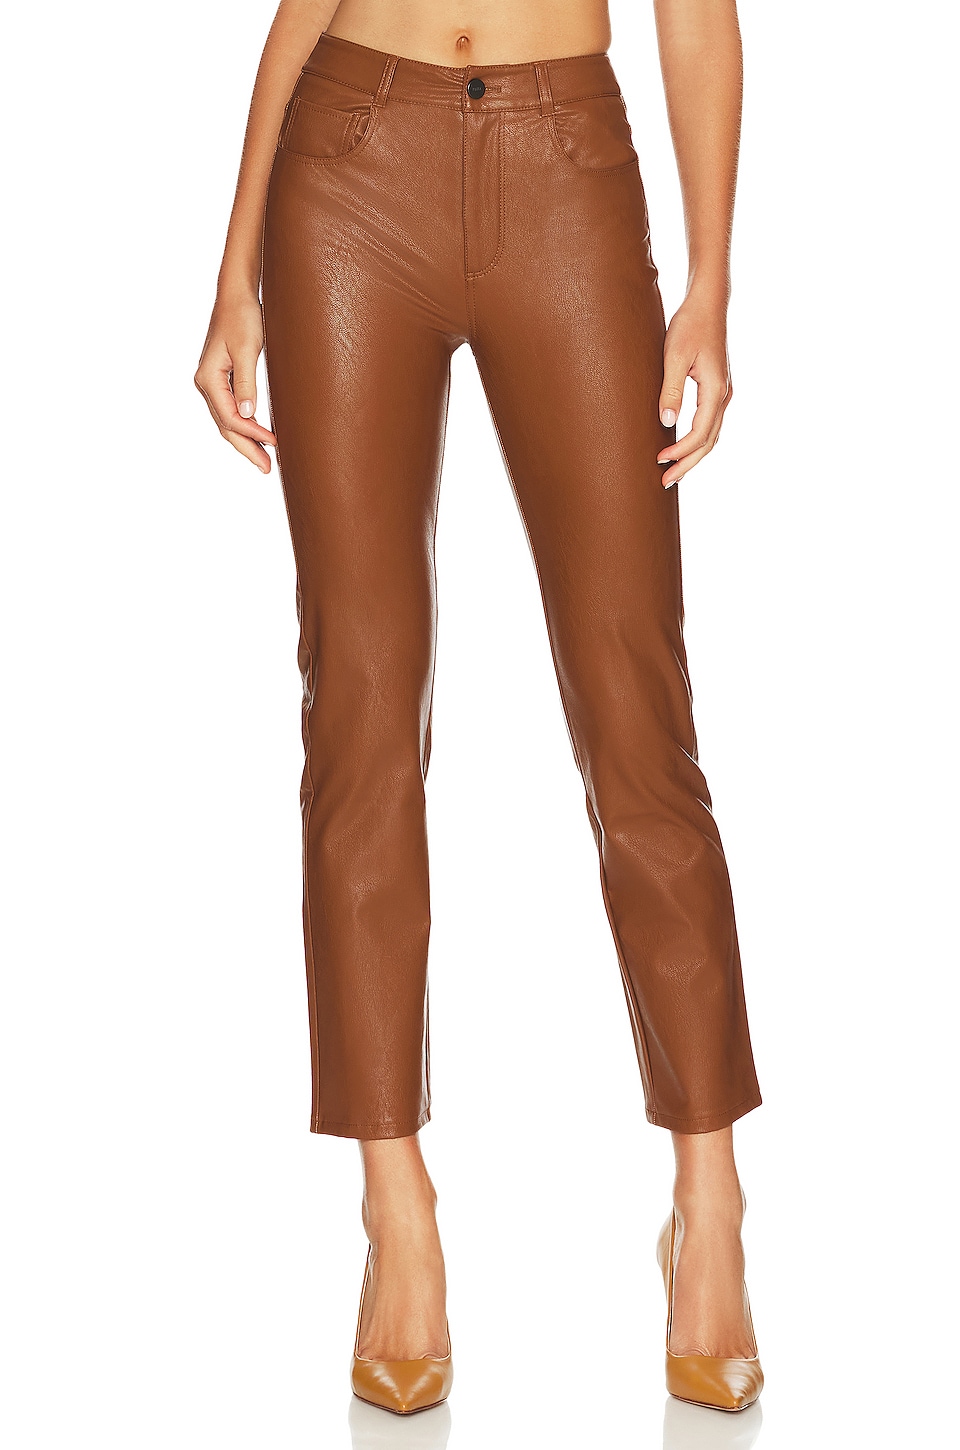 chestnut faux leather pants
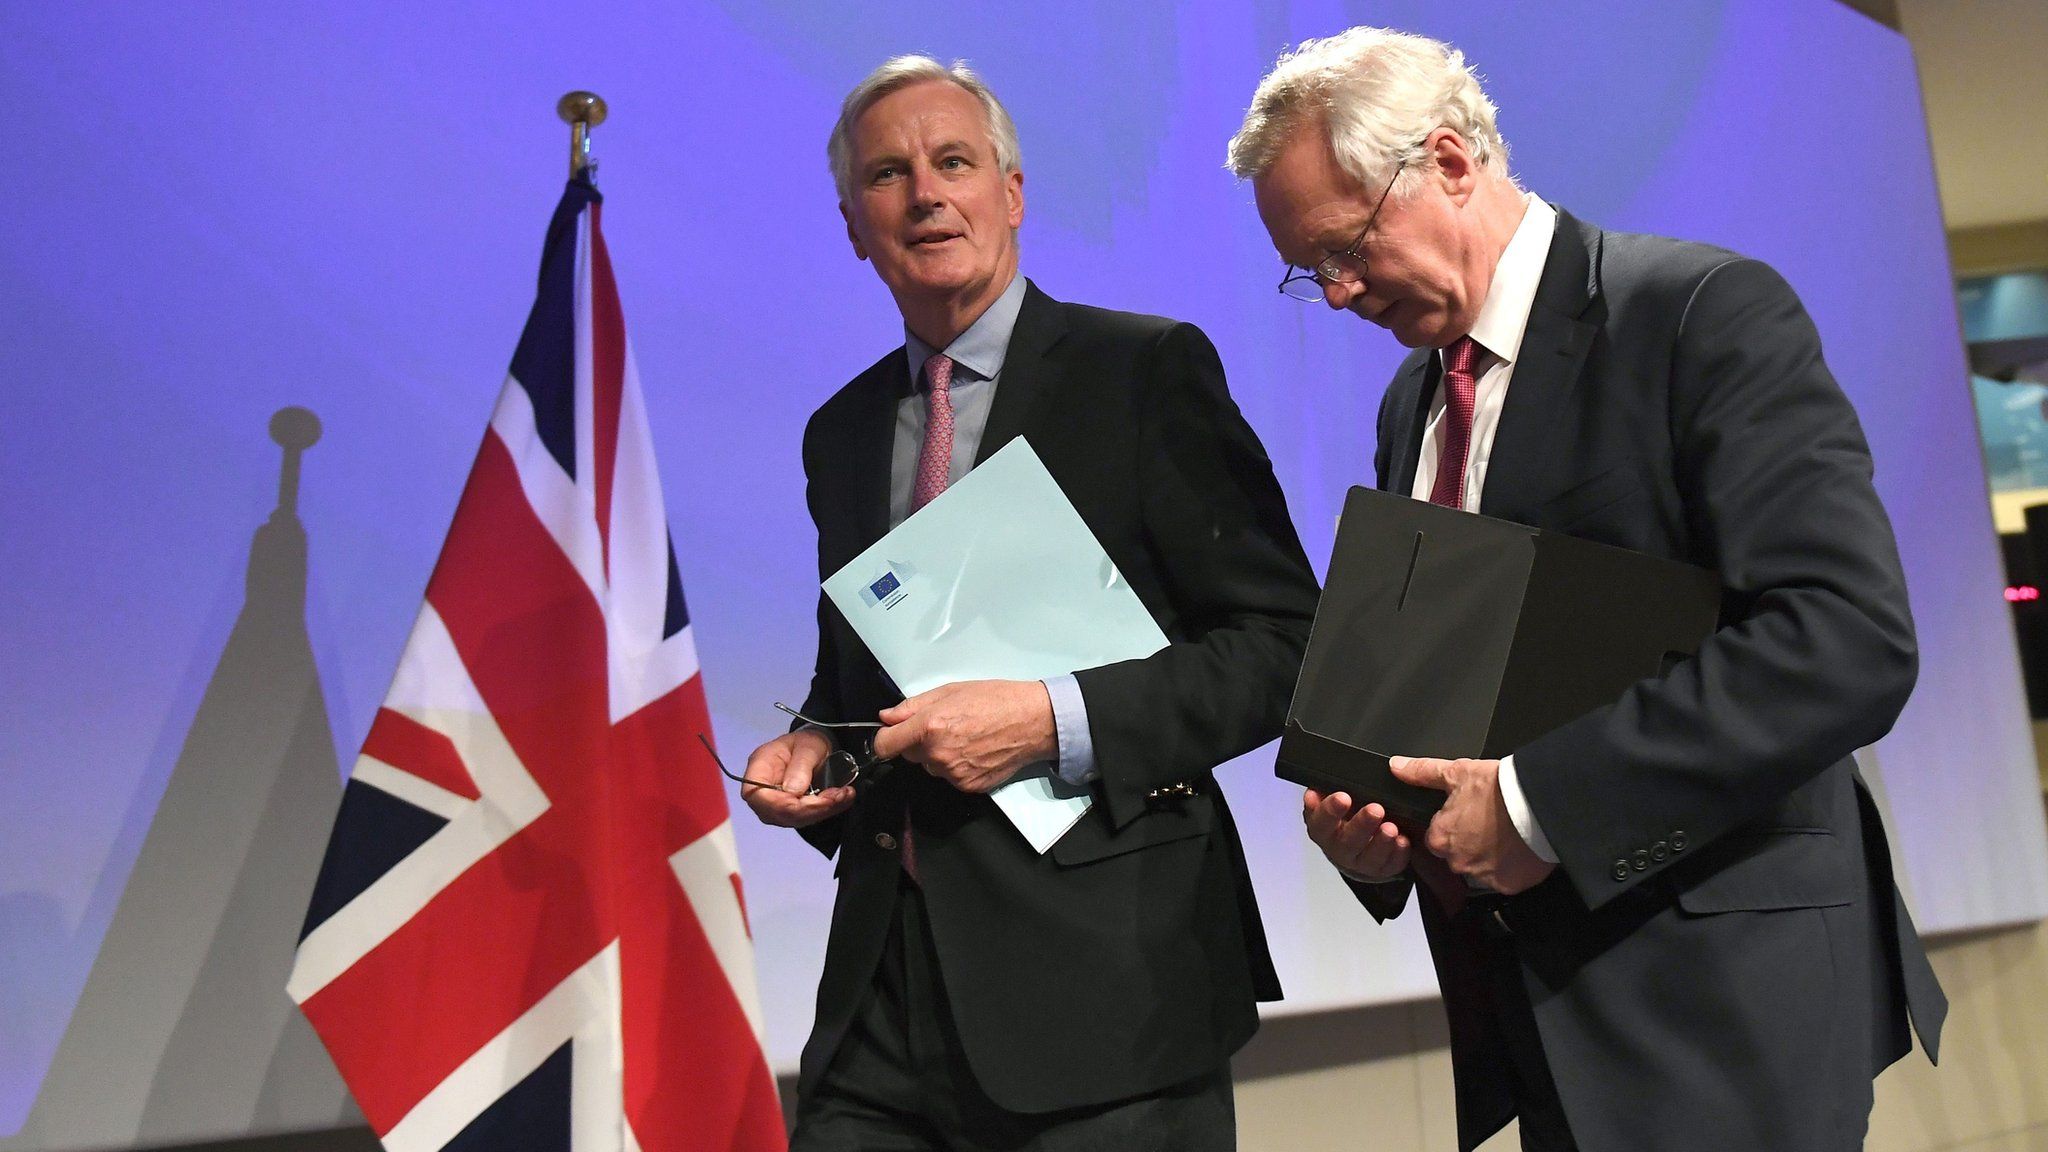 Barnier and Davis
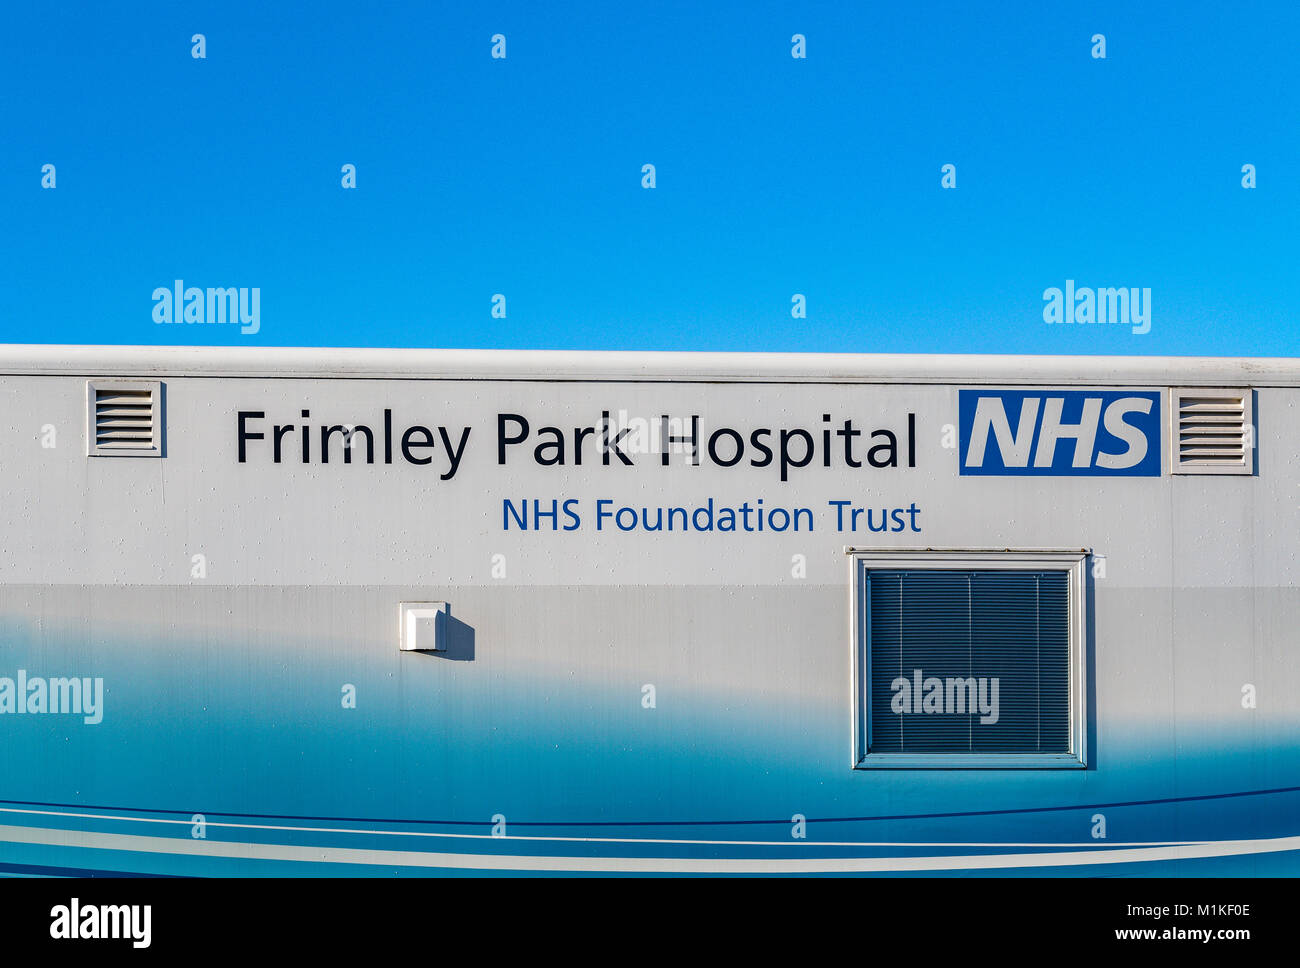 Frimley Park Hospital NHS Foundation Trust Mobile Makuladegeneration Einheit in einem Supermarkt Parkplatz bietet One-Stop-Behandlung der Augenkrankheit AMD geparkt Stockfoto

## About this exercise
The whole listing should be retyped word for word; none of its pictures belong in the copy.

## Answer box
 chestnut faux leather pants
 Barnier and Davis
 Frimley Park Hospital NHS Foundation Trust Mobile Makuladegeneration Einheit in einem Supermarkt Parkplatz bietet One-Stop-Behandlung der Augenkrankheit AMD geparkt Stockfoto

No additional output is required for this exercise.